料理と自己肯定感
「食べる人の笑顔があれば疲れが取れる」
的な話をする人がいる。
けれども、私は違う。
疲れているときに作った料理を家族がどんなにおいしそうに食べてくれても、私の疲れは取れない。
疲れは取れないけれども、うれしいにはうれしい。
だから、特別娘たちからリクエストがあれば極力こたえたいとは思う。
もっとも、娘たちのリクエストは基本手の込んだメニューでないからこそ言えるのかもしれないけれども。
家庭内で料理を作る人間として、 これは非常に大きなジレンマだ。
私は、自分の作った料理を、おいしそうに食べてもらえると、単純にうれしい。
だから、逆に自分の作った料理を、残されたりして不評だったりすると、単純に悲しい。
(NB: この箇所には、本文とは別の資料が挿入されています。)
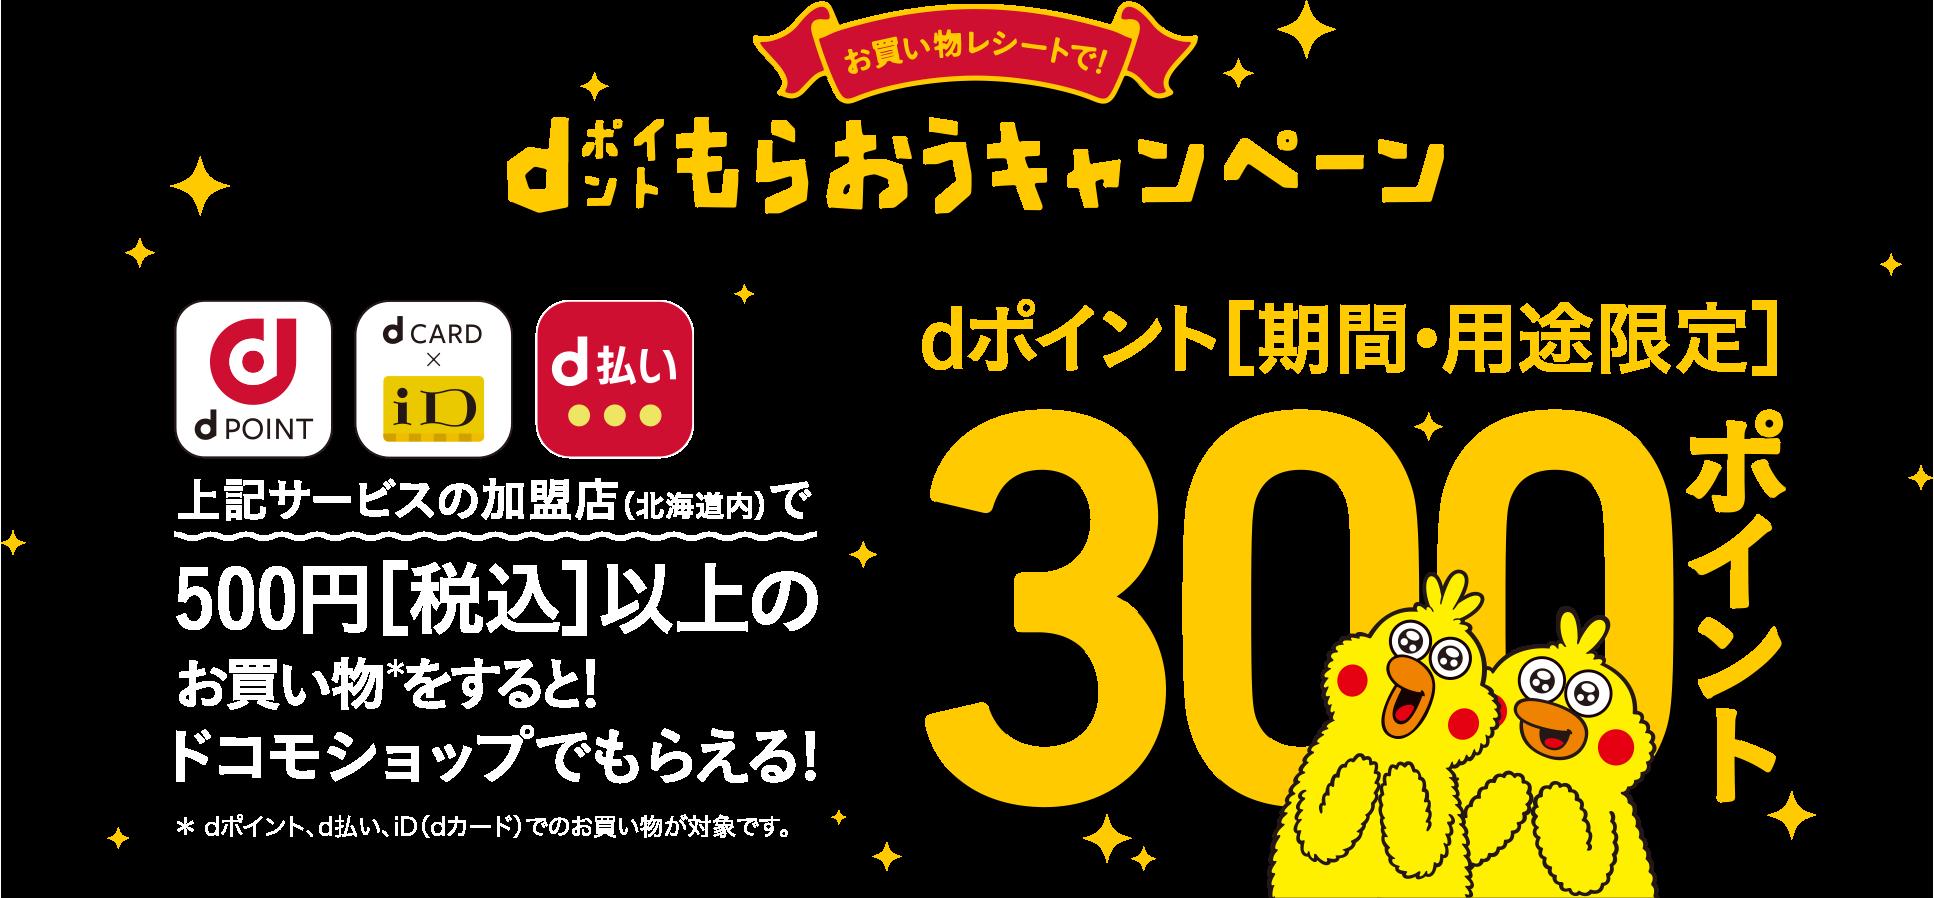 北海道のdポイントやd払い対象のローソンなどで500円以上買い物をすると300dポイントがもれなく貰える。~9/16。

時に、怒りすら湧いてくる。
反対に、私の母は、自分の作った料理に、家族がどんなジャッジをしようと、目に見えて喜びもしなければ、悲しみもしない。当然起こりもあしない。
ただ、家族の体を考えて苦言を呈しはする。
母の場合、作る料理の基準は、家族の好き嫌いや好みは多少考慮はするものの、「自分がその時食べたいもの」を作るだ。
料理の腕のいい母だ。自分の料理で、自分が満足できるからこそ、料理そのものがあまり苦ではないのだという。おまけに、家族からの不満の声にいちいち心を乱しはしない。聞き流せる。故に今まで多くのストレスを抱えず主婦として料理を続けてこれたのだろう。
きっと、母の自己肯定感が高いからこそ、周囲の反応に振り回されないのだろう。
そんな母がとても羨ましく思う。
そんな母を見習いたいなと思うのだけれども、悲しいかな私にはそれができない。
だからこそ疲れた時に「さして自分は食べたくもない、けれども家族は食べたがっている料理」を作らねばならず、それが苦痛なのだ。
私の食事作りの苦痛は、そんな自己肯定感の低さも大いに影響しているように思える。自己肯定感が低いゆえに「自分が何を食べたいのか」を基準に料理できないのだ。
以前にも書いたが、近ごろは「自分が何を食べたいか」が本当にわからなくなってしまった。
「何を食べたい」の前に、
「手間がかからない」
「お金がかからない」
「家にある材料でできる」
などといった前提条件が頭をよぎってしまう。
次女が幼稚園に通いだしてからというもの、仕事をしていない日の昼食は自分の好きなもの自分のペースで食べれている。
であるにもかかわらず、「自分が心から食べたいもの」を食べれていないように思う。
そもそも、私が疲れているときは特に、食べたいものは、メニューに関係なく「自分以外の誰かが作ってくれたご飯」だったりする。
これはお金で解決もできるが、持続可能なものではない。非現実的だ。
だから私は「夫の作るご飯」にどうしても括ってしまう。
そうしても、夫も「私の作るご飯」に拘る。いや、スーパーの惣社や外食のハードルは私よりも断然に低い夫だ。拘ってはいない。いないけれども、「自分が料理をしない」には拘っているように、私には映る。
もしかしたら私も「夫の作るご飯」ではなくて「自分が料理をしない」に拘っていけなのかもしれない。
もっとも、その拘りが「私だけかなわない」からこそ、夫にいつもモヤモヤ、イライラするのだ。